In the last post, I recommended that builders new to Polymer80s either start with an OEM Lower Parts Kit (LPK) or at least have one just in case their aftermarket parts are out of spec or something fails. In this post we are going to talk about customizing these same parts.
When you look at a Glock Gen 3 LPK for the model of pistol you plan (17, 19, 34, etc.) the following tend to be the parts you need:
- Slide stop lever with spring
- Slide lock & spring
- Magazine release & spring
- Trigger with trigger bar
- Trigger housing with ejector
- Trigger spring
- Trigger pin
- Trigger housing pin
- Connector (5 pound)
I have seen aftermarket parts on just about all of the above and it depends on what you are buying. For example, you may just decide to replace the trigger shoe and need everything else or you may buy an entire trigger group with everything except the pins. The point is that if you decide to customize some or all of the parts, make sure that you have eveything required – springs, pins, etc.
For example, on my PF940V2 full size frame configured like a Glock 34, I am using an Apex aftermarket trigger shoe and bar but everything else trigger related is OEM glock. On my PF940V2 configured like a Glock 17, I am running a Zev Fulcrum Adjustable Trigger Upgrade Kit that includes the whole trigger assembly, firing pin, springs and plunger. Which of the two is smoother? I manually polished the Apex very carefully and it is very smooth. The Fulcrum is dragging some and I need to polish it one of these days. For as much as I paid, I’m surprised that any polishing is needed but it is a light short pull though.
So, when you do your lower, think things through. I automatically go with an extended Glock slide stop found on a model 34, an extended slide lock, a Vickers extended magazine release, all stainless pins and the trigger is an “it depends”. On my next planned 34 build, I am going to mirror polish all of the OEM Glock parts and then decide where to go from there.
A few eBay buyer tips for you:
- Look at the number of transactions and rating of the seller. If they have less than 10 sales, your potential risk increases.
- Stick to Gen 3 parts. Glock has been evolving their pistols for a while now and the Polymer80 frames are designed with Gen 3 models in mind.
- Make sure the parts you are looking for match the model you are building. Not all parts are interchangeable across models.
- If the deal is almost too good to be true, it probably is. For example, you’re not going to find a high-end assembled slide with barrel for $50. Sure there are used parts and good deals but there are also scams. This is another reason to look at the seller’s ratings.
Gen 3 Triggers
There are a ton of groups making replacement Glock triggers. I’ve used Apex and Zev personally but have also heard good reports about Agency Arms, Overwatch Precision and Velocity Arms. Please note if you click on one of the previous names, a new tab will open with a dedicated search for that brand of trigger will open. With the triggers, you definitely need to pay attention to what comes with your purchase and what else you will still need to source. The following is a generic search on Glock Gen 3 Triggers:
Gen 3 Pins
You have the option of using Glock OEM pins or aftermarket. Now many will tell you that the polymer trigger housing pin is just fine and is proven. I had the polymer pin snap during a range session with my Polymer80 Glock 17 that has a Zev Fulcrum trigger. Why, I don’t know but I only use stainless pins now. I’m running pins from GunTools.

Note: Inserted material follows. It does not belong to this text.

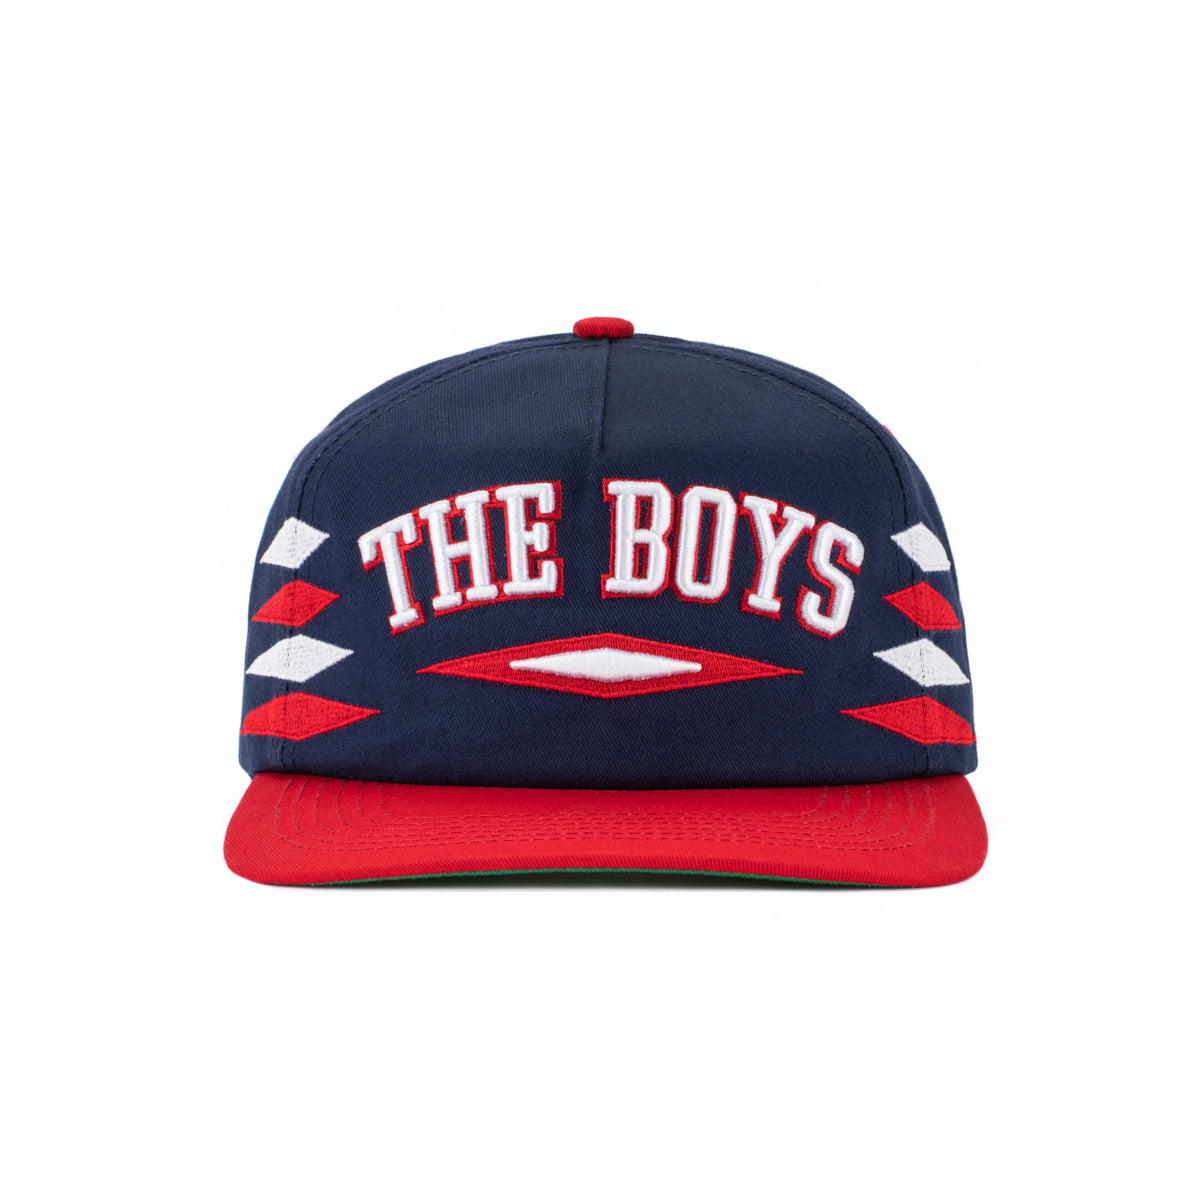 The Boys Diamond Retro Hat-Hats-Bussin With The Boys-Navy/Red-Barstool Sports

Glock Factory Gen 3 Extended Slide Stop (Release)
I have big hands and really prefer a slide stop lever that sticks out just a bit more than the flush fitting original. I use the OEM Glock Factory extended slide stop unit now and it’s way easier for me to operate without being obnoxiously large.
Gen 3 Extended Slide Lock
The OEM slide lock is too small for me. I have big hands and not a lot of feeling at my fingertips so I find myself fumbling around for the slide lock. An extended slide lock extends the unit just a bit further and enables be to more easily actuate the unit. I am runnng Deltac units but have also seen good reviews of units from Bastion, and NDZ. Note, you will need to supply the spring in every case I have seen.
Vickers Tactical Tactical Extended Magazine Release
One last part to cover – the magazine release. I can’t readily actuate the shorter OEM unit. I find I need just a bit longer release and really like the Vickers model that is made for them by Tango Down. Now, if you are wondering why, some units are so long that it is very easy for them to get bumped and release the mag. For some units, even laying the pistol down on it’s side might actuate the release. That may not matter for a competition pistol but I’d rather find a balance between ergonomics and reliability, hence my exclusive use of the Vickers model. Note, in most cases including the Vickers, you will need the spring. Here is a general listing of extended magazine releases:
So this wraps up a rather long post. I hope this helps you out.